# Import Modules

In [1]:
from sklearn.decomposition import PCA
import pandas as pd
import numpy as np
from tqdm import tqdm

#plotly imports
import plotly as py
import plotly.express as px
import plotly.graph_objs as go

# Load Encoded Dataset

### Encoded dataset : (# samples, 200)

In [2]:
name_array = np.load("./total_data/encoded_vectors_name.npy")
dataset_array = np.load("./total_data/encoded_vectors.npy").reshape(-1,200)

# Dimension Reduction via TSNE

### Make DataFrame for Visualization (Plotly)

In [None]:
df_name = pd.DataFrame(name_array); pdName.columns = ['title']
df_dataset = pd.DataFrame(dataset_array);

tsne_3d = TSNE(n_components=3, init='pca', learning_rate='auto'); 
TSNEs_3d = pd.DataFrame(tsne_3d.fit_transform(dataset_array))
TSNEs_3d.columns = ["TSNE1_3d", "TSNE2_3d", "TSNE3_3d"]

df_plot = pd.concat([df_name, TSNEs_3d, df_dataset], axis=1, join='inner')

## Clustering by AgglomerativeClustering

![image](https://t1.daumcdn.net/cfile/tistory/994B43425AB34B7430)

In [None]:
n_clusters_ = 18

agg = AgglomerativeClustering(n_clusters_).fit(TSNEs_3d.to_numpy())
labels = agg.labels_

df_plot["Cluster"] = labels

## Make Plotly Figure and Saving

In [None]:
trace = []
for i in range(n_clusters_):
    fig = go.Scatter3d(
        x = df_plot[df_plot["Cluster"] == i]["TSNE1_3d"],
        y = df_plot[df_plot["Cluster"] == i]["TSNE2_3d"],
        z = df_plot[df_plot["Cluster"] == i]["TSNE3_3d"],
        mode = "markers",
        name = f"Cluster {i}",
        marker = {"size": 1, "color": i},
#         colorscale="Viridis",
        text = df_plot[df_plot["Cluster"] == i]["title"])
    trace.append(fig)

# layout
title = "Visualizing Clusters Using TSNE"

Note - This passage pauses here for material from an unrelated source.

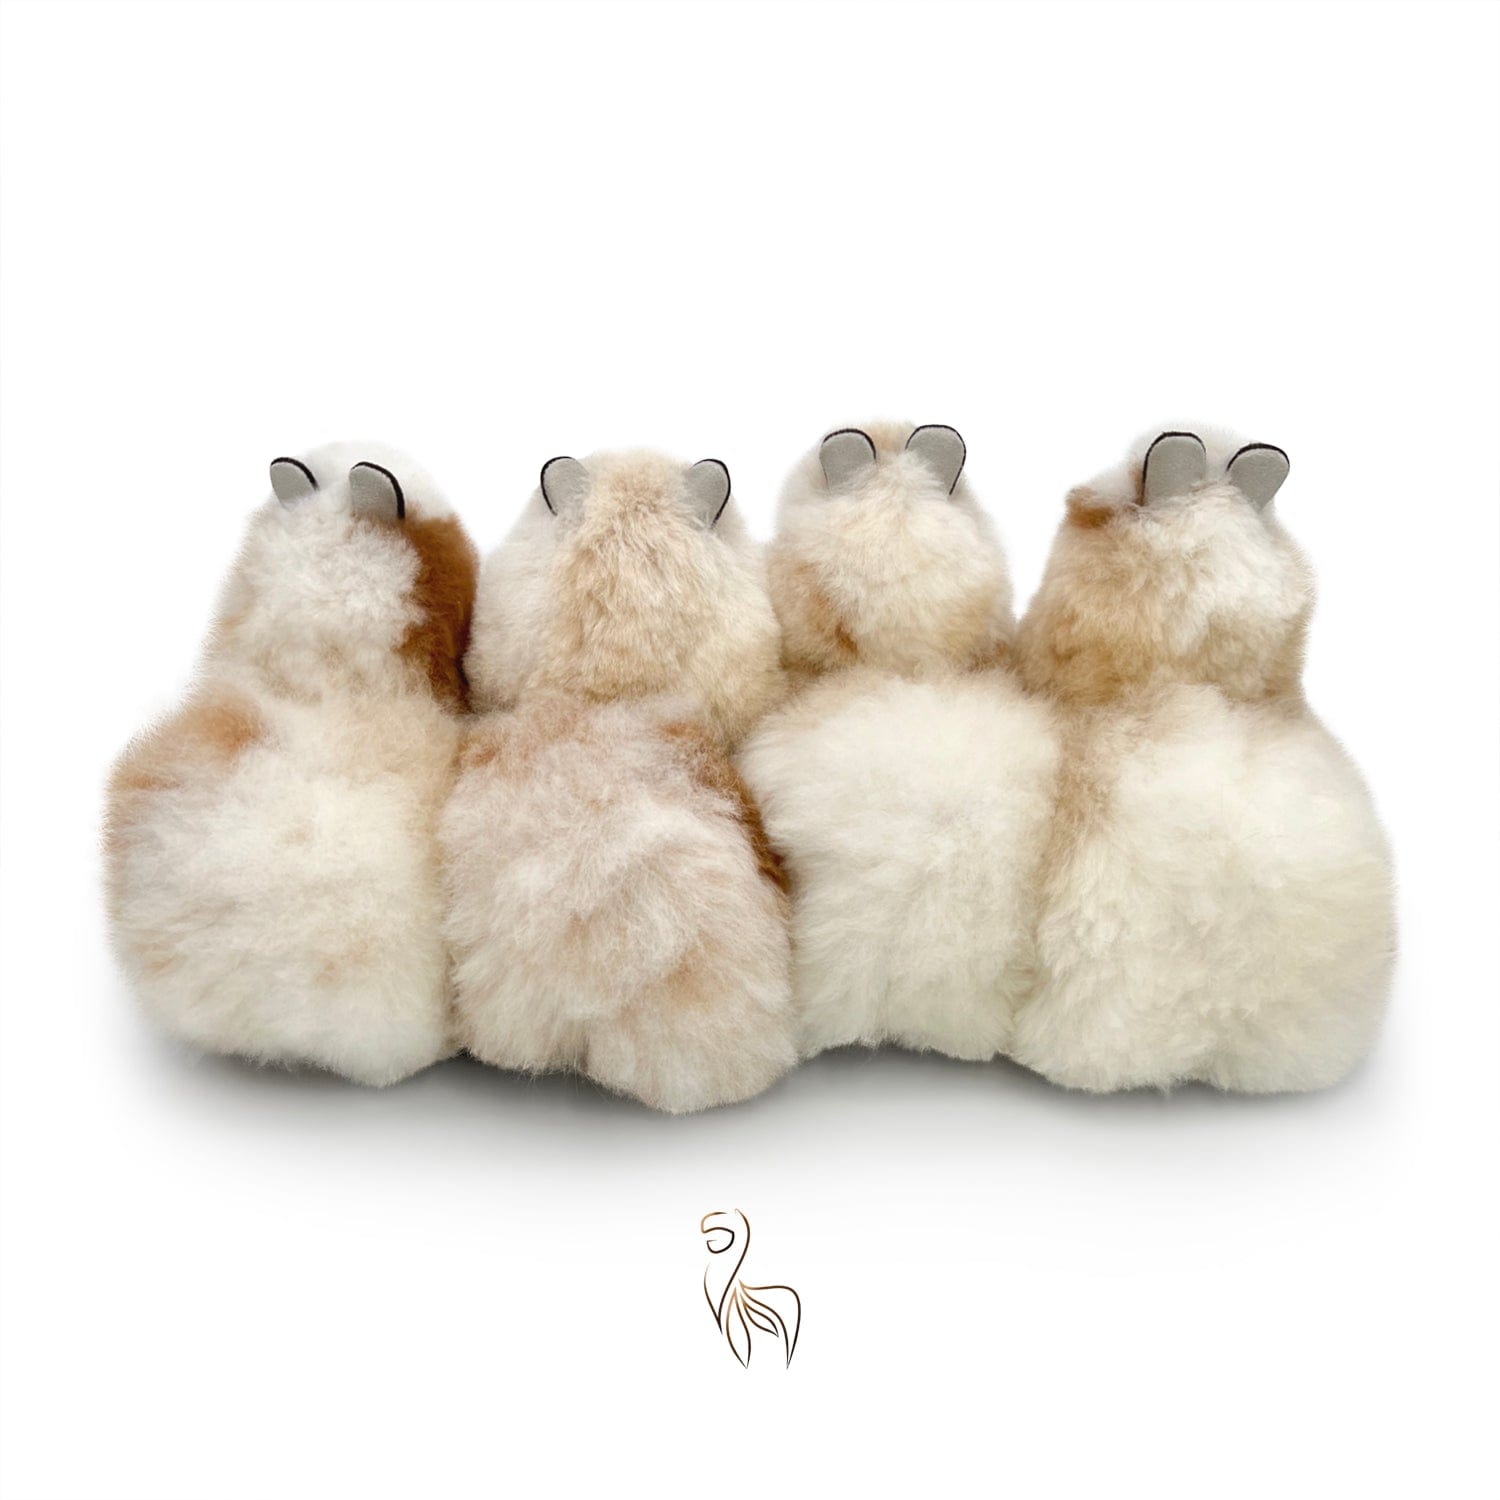 Cookies 'n Cream - Juguete pequeño de alpaca (23 cm) - Edición limitada

layout = dict(title = title,
              xaxis= dict(title= 'TSNE1',ticklen= 5,zeroline= False),
              yaxis= dict(title= 'TSNE2',ticklen= 5,zeroline= False)
             )
# save
fig = go.Figure(data=trace, layout=layout)


fig.write_html(f"./results/Clustering_TSNE_3D_Agglomerative_{n_clusters_}.html")